CREATE TABLE [db_name.]table_name (col_name data_type [COMMENT col_comment] [, ...] ) [PARTITIONED BY (col_name | transform, ... )] [TBLPROPERTIES ([, property_name=property_value] )]
Note

TBLPROPERTIES is optional and you are not required to set the table type as Iceberg when you create a table in a S3 Table namespace.

Register S3 table bucket catalogs as Athena data sources

To register S3 table bucket catalogs with the Athena console, perform the following steps.

  1. Open the Athena console at https://console.aws.amazon.com/athena/.

  2. In the navigation pane, choose Data sources and catalogs.

  3. On the Data sources and catalogs page, choose Create data source.

  4. For Choose a data source, choose Amazon S3 - Amazon Glue Data Catalog.

  5. In the Amazon Glue Data Catalog section, for Data source account, choose Amazon Glue Data Catalog in this account.

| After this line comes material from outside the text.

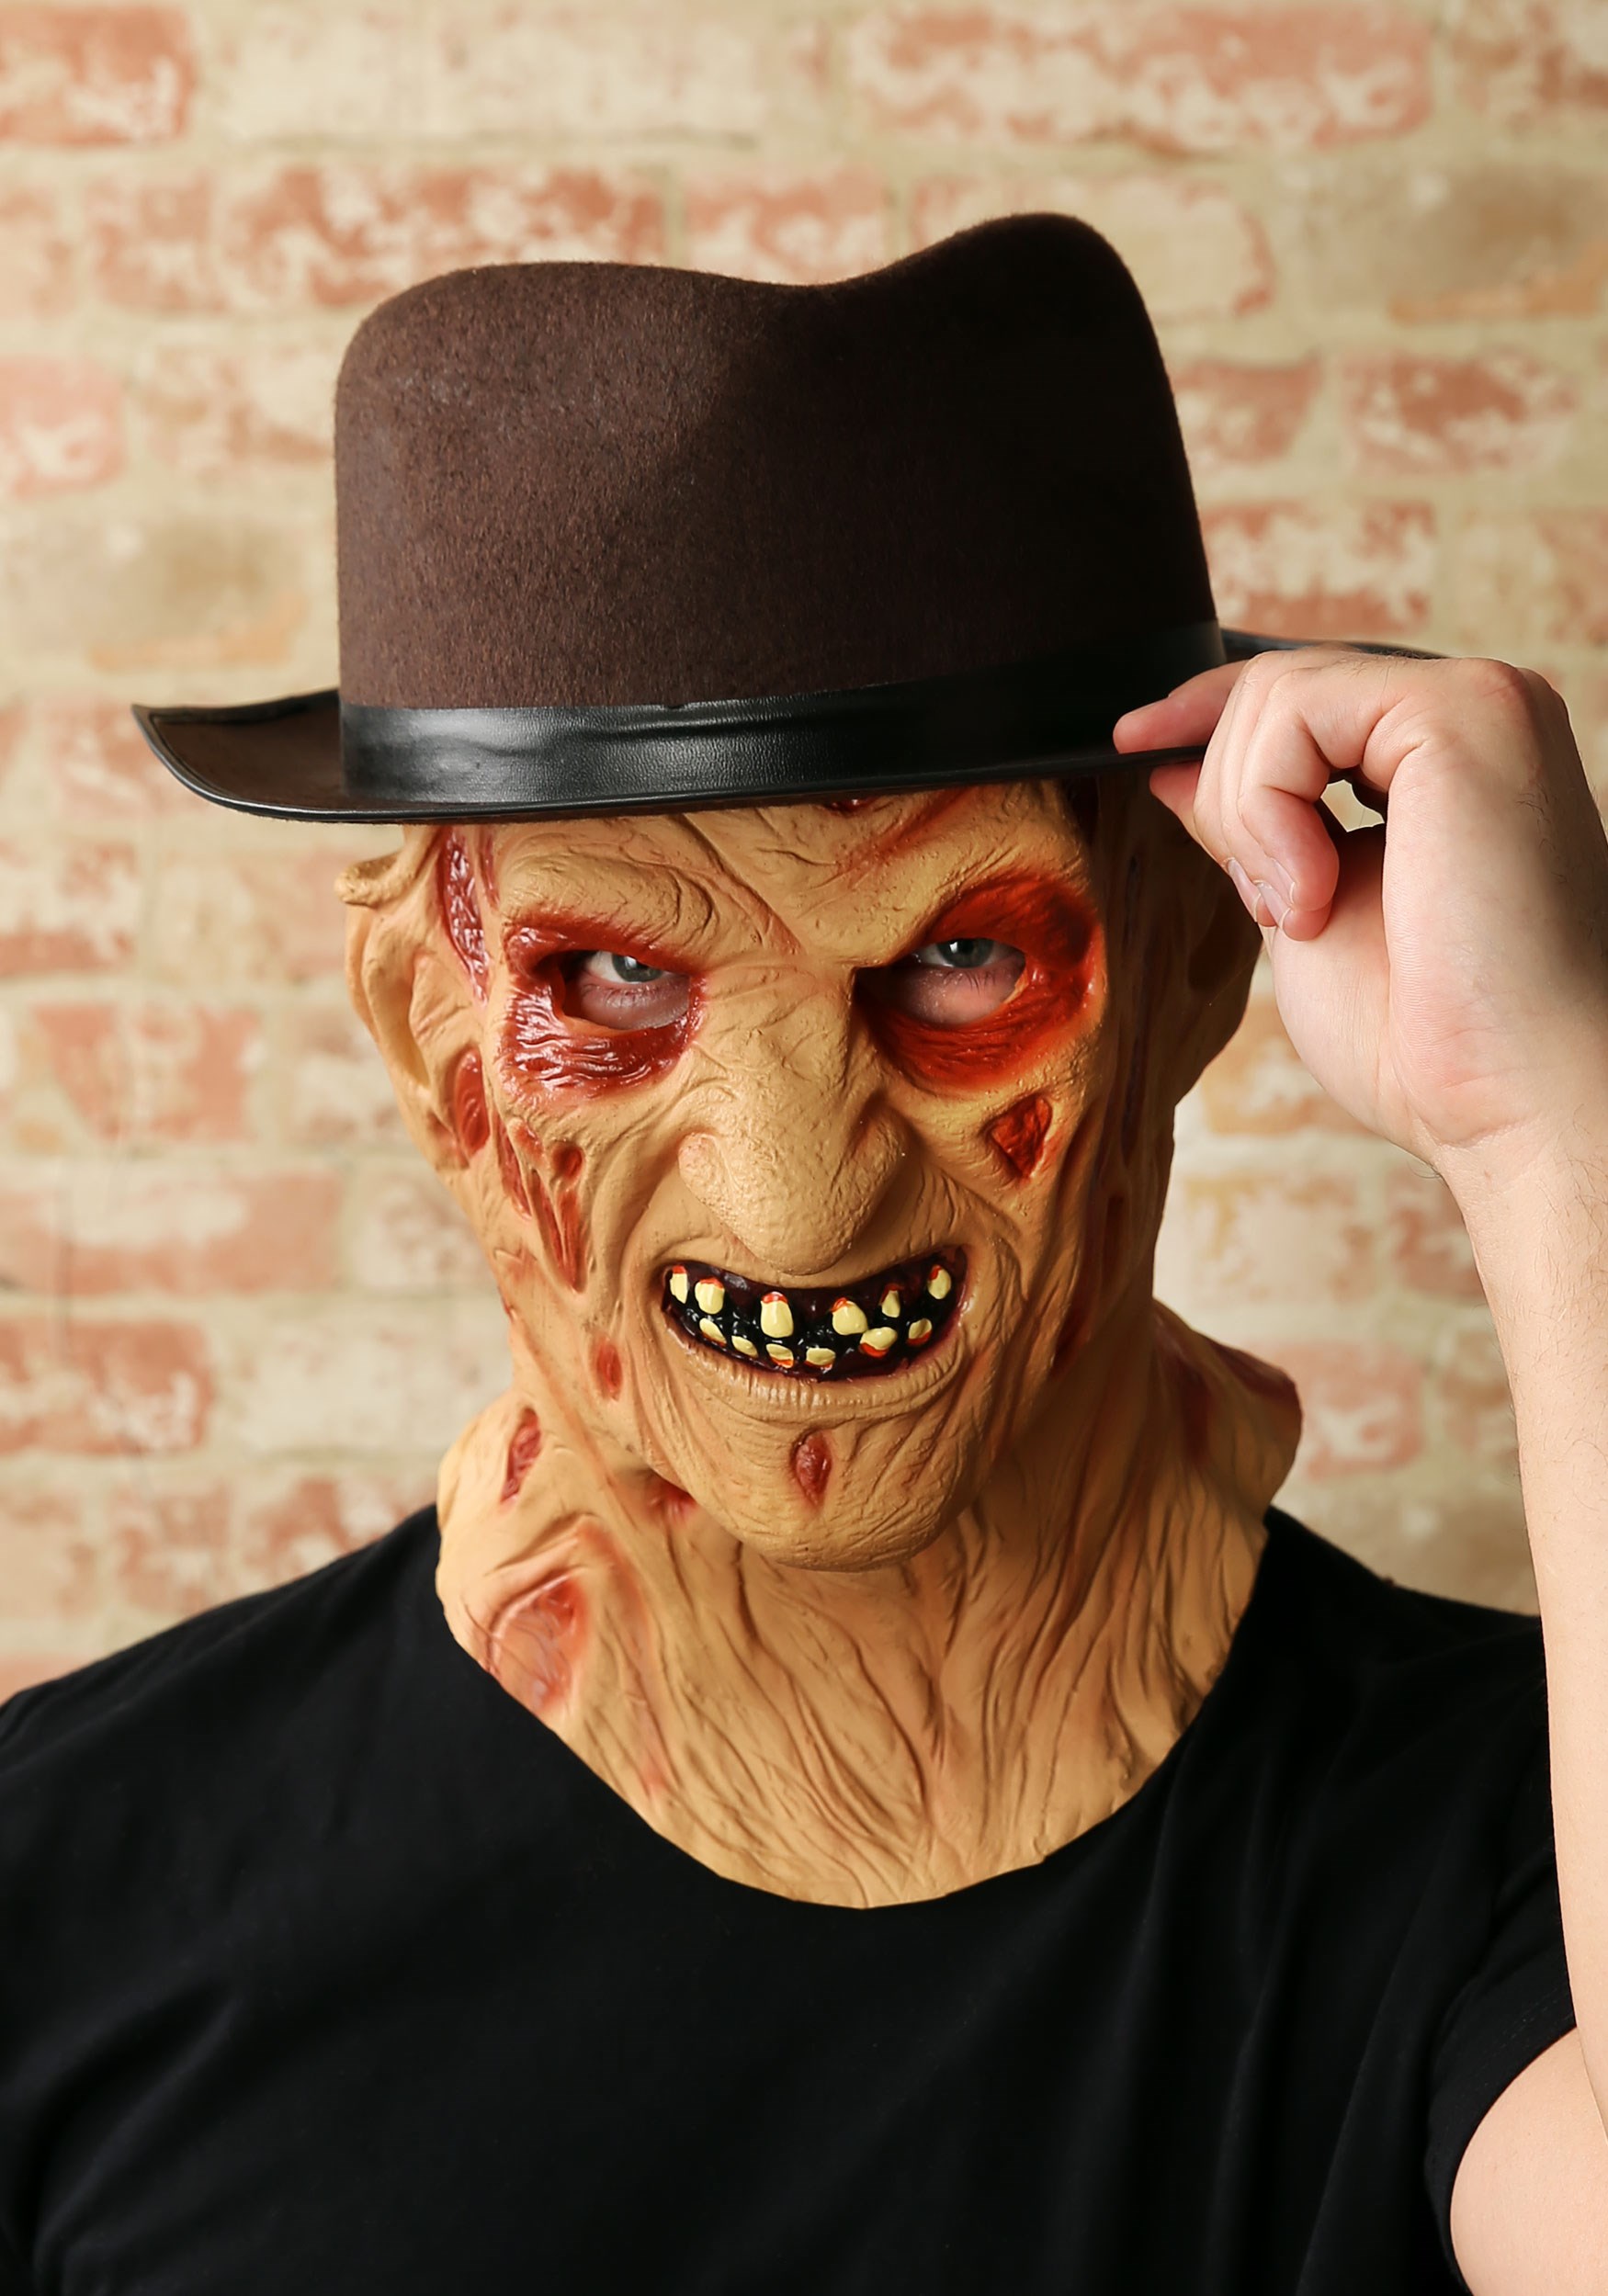 Realistic Freddy Krueger Mask from Nightmare on Elm Street

  6. For Create a table or register a catalog, choose Register a new Amazon Glue Catalog.

  7. In the Data source details section, for Data source name, enter the name that you want to use to specify the data source in your SQL queries or use the default name that is generated.

  8. For Catalog, choose Browse to search for a list of Amazon Glue catalogs in the same account. If you don't see any existing catalogs, create one in Amazon Glue console.

  9. In the Browse Amazon Glue catalogs dialog box, select the catalog that you want to use, and then choose Choose.

  10. (Optional) For Tags, enter any key/value pairs that you want to associate with the data source.

  11. Choose Next.

  12. On the Review and create page, verify that the information that you entered is correct, and then choose Create data source.